Returns P50 ≈ **25.5** and P85 ≈ **29.6** days, plus the per-task
`critical_path_frequency` (in this strict chain, 1.0 for every task — they all
always sit on the critical path). `seed` defaults to **42** when omitted, so runs
are reproducible by default; pass a different integer to vary the draw.

### `compare_investment_options` (TCO)

Cloud (low upfront, high running cost) versus on-prem (high upfront, low running
cost), each over three years:

```json
{
  "request": {
    "options": [
      { "name": "Cloud", "initial_price": 5000, "useful_life_years": 3, "annual_operating_cost": 12000 },
      { "name": "On-prem", "initial_price": 40000, "useful_life_years": 3, "annual_maintenance": 3000 }
    ]
  }
}
```

Returns the options ranked by annual cost (rank 1 = cheapest). Here `best_option`
is **Cloud** (≈ 13,667/yr versus ≈ 16,333/yr for on-prem).
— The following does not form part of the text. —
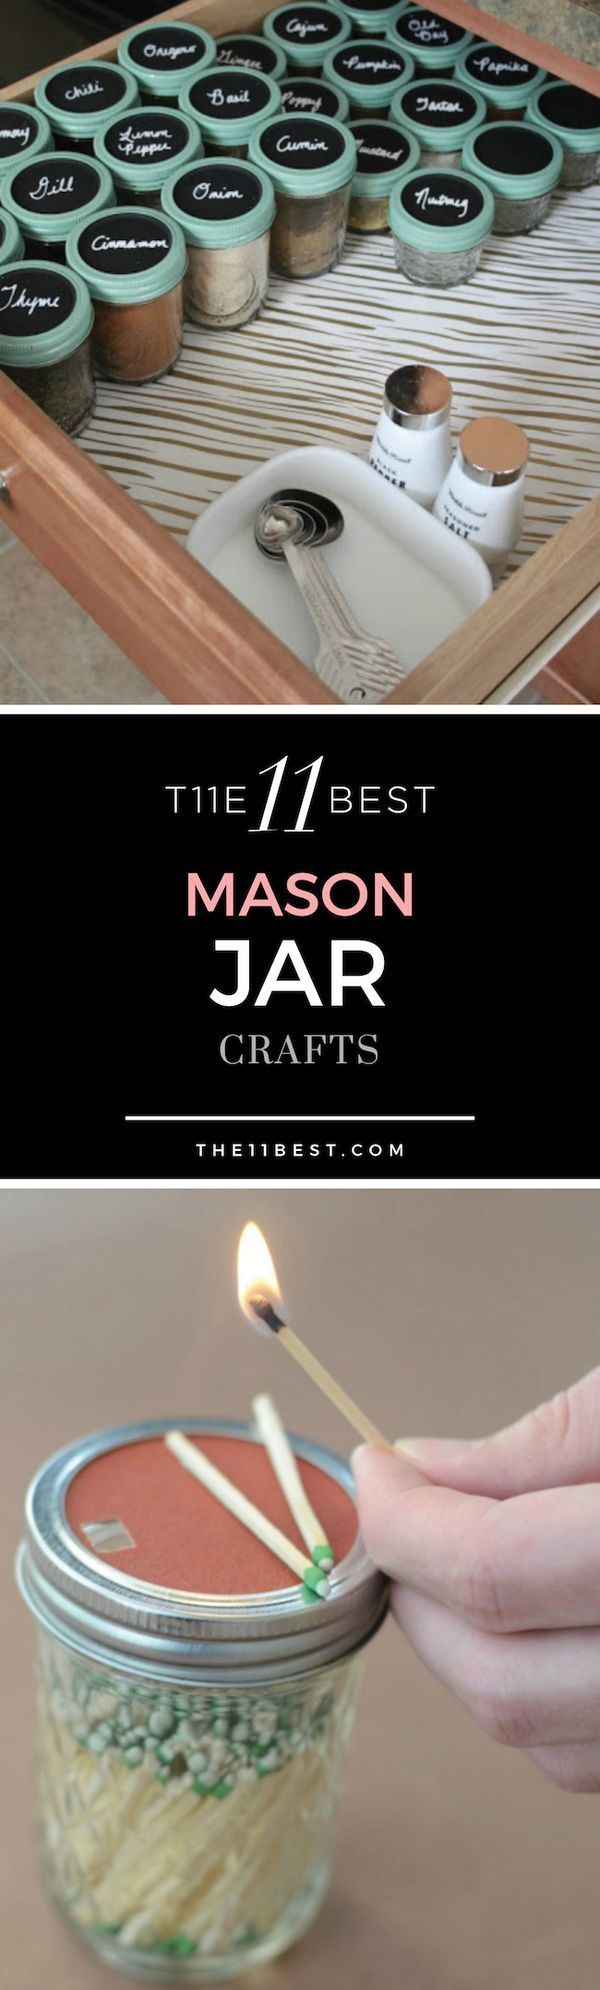 Do you love DIY crafts and projects? You’ll want to try some of these fun mason jar crafts. Some of them can even be given out as

### `evaluate_project_health` (EVM)

A project a little behind and over budget:

```json
{ "evm": { "pv": 1000, "ev": 900, "ac": 1100, "bac": 5000 } }
```

Returns SPI **0.9**, CPI **≈ 0.82**, the forecast `eac`/`etc`/`vac`/`tcpi`, and a
health verdict of **off_track** with the reasons spelled out.

## Errors

Every tool returns **structured, tagged errors** — never a Python traceback.
Errors carry a type tag the model can reason about:

- `[ValidationError]` — inputs are individually valid but jointly inconsistent
  (e.g. an unknown insight tag), or rejected before computation.
- `[ComputationError]` — the underlying maths rejected the inputs (e.g. an
  optimistic estimate larger than the most-likely one, a non-positive budget).
- `[InternalError]` — an unexpected failure, reported generically so no internal
  state leaks.

Field-level constraints (a negative cost, fewer than two options to compare) are
caught by the shared Pydantic models and surfaced as structured validation
messages.

## Development

Tests live in `tests/mcp_server/`:

```bash
pytest tests/mcp_server/
```

They cover registration (exactly the four tools, each leading with a decision
question, each exposing input and output schemas), one worked example per tool,
seed-42 determinism on the Monte Carlo tool, and the structured-error contract.
Implementation-grade maths sweeps live in `tests/{pert,montecarlo,tco,evm}/`
already — we do not duplicate them here.

## Out of scope (v0.2+)

- **Streamable HTTP transport, OAuth, hosting, rate limiting, audit logging** —
  the paid hosted lane. v0.1 is stdio-only and local-trust.
- **Calibration-driven and stochastic-mix tools** — `estimate_from_history`
  (two-layer calibration) is parked in `tools.py`; the Bayesian and
  Dirichlet-drift tools are parked too. All wait on field data to ground their
  calibration before they meet the v0.1 quality bar.

## Licence

MIT — same as the rest of the logic repo.